With some big hurdles to overcome at Sewanee, DeAlejandro forged ahead. “You make a decision: I’m either going to dig in and make this work, or I have to give up and leave.” Though it was a crushing blow at the time, now she laughs as she retells the story of that first paper. She shares her college experiences with the students and parents she meets as she travels around the 85 Tennessee counties where tnAchieves is active.

“Today, at 38 years old, running this nonprofit that’s a model for the country, I’m unafraid to say, ‘I don’t know. I need your help so I can get 60,000 students through this pipeline every year.’” She credits Sewanee for that fearlessness. “I wasn’t going to be the smartest, or the most fluent in what it means to be a college student, but I could be the most aggressive in terms of asking for help. Now I try to give that back to kids.”

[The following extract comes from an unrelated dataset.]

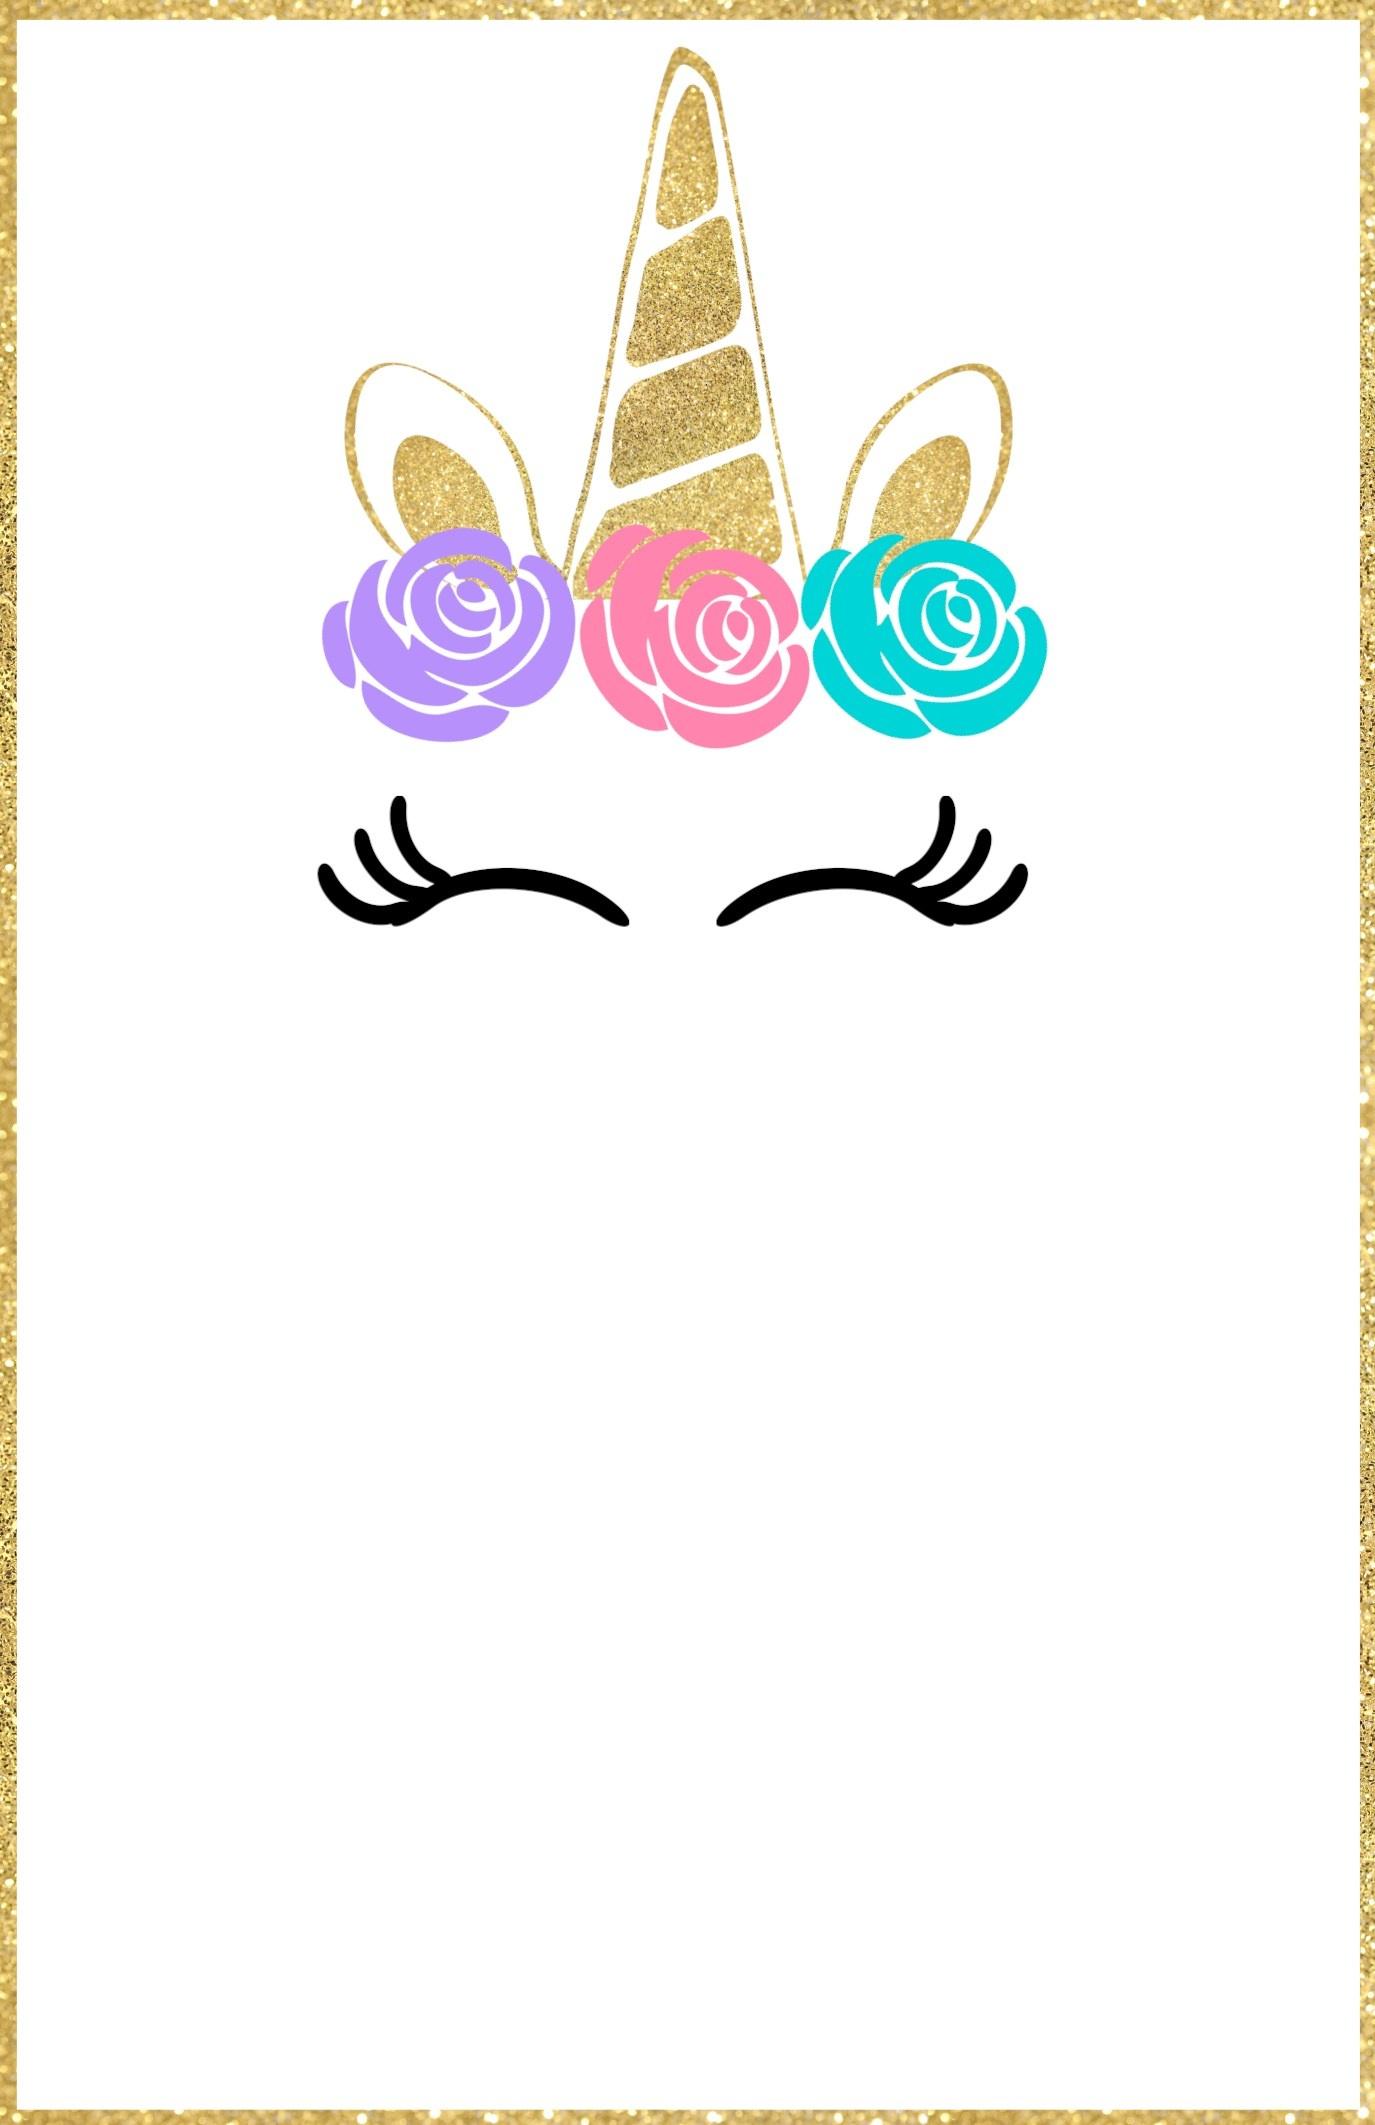 Free Printable Unicorn Invitations Template - Paper Trail Design - Free Unicorn Birthday Printables

In 2014, Tennessee Gov. Bill Haslam, who helped DeAlejandro launch knoxAchieves during his term as mayor of Knoxville, introduced the Tennessee Promise program. Rolled out under his Drive to 55 initiative, a goal to achieve 55 percent post-secondary completion in Tennessee by 2025, the Tennessee Promise program encourages high school seniors to apply for two years of tuition-free attendance at a community or technical college in Tennessee. When it was time to launch, he turned to tnAchieves and DeAlejandro for partnership. Through their joined efforts, Tennessee has led the nation in FAFSA filings for the past three years, and each year more than 16,000 high school seniors enroll in a post-secondary institution as part of Tennessee Promise.

DeAlejandro, her staff of 15, and a team of more than 7,500 volunteer mentors will help ramp up another 60,000 Tennessee Promise enrollees this year. “Our mentorship program is designed for even the busiest individual to make an impact,” says DeAlejandro. “It’s prescriptive—one hour a month. You’re assigned five students, and you’re making sure they’re meeting deadlines and providing encouragement.” Mentors also help educate students and their parents on what college can mean, whether that’s a traditional four-year school, community college, or technical school. “There are all these different options. [College] is training after high school.”

tnAchieves students are graduating at a rate 50 percent higher than state averages, and they’re doing it debt-free. Ninety-four percent of tnAchieves students report they completed their post-secondary programs with zero debt. As part of its commitment to be more than just a financial resource for students, tnAchieves asks students to give back to their communities. Since the program’s inception, tnAchieves students have volunteered more than 1.4 million hours of their time in community service.

These days, DeAlejandro is on the road, traveling from county to county ensuring parents, teachers, students, guidance counselors, and others know about all that tnAchieves does. “Going to college was a lot of figuring out everything on my own,” says DeAlejandro. “Now I get to use that experience to show others they don’t have to figure this out on their own.”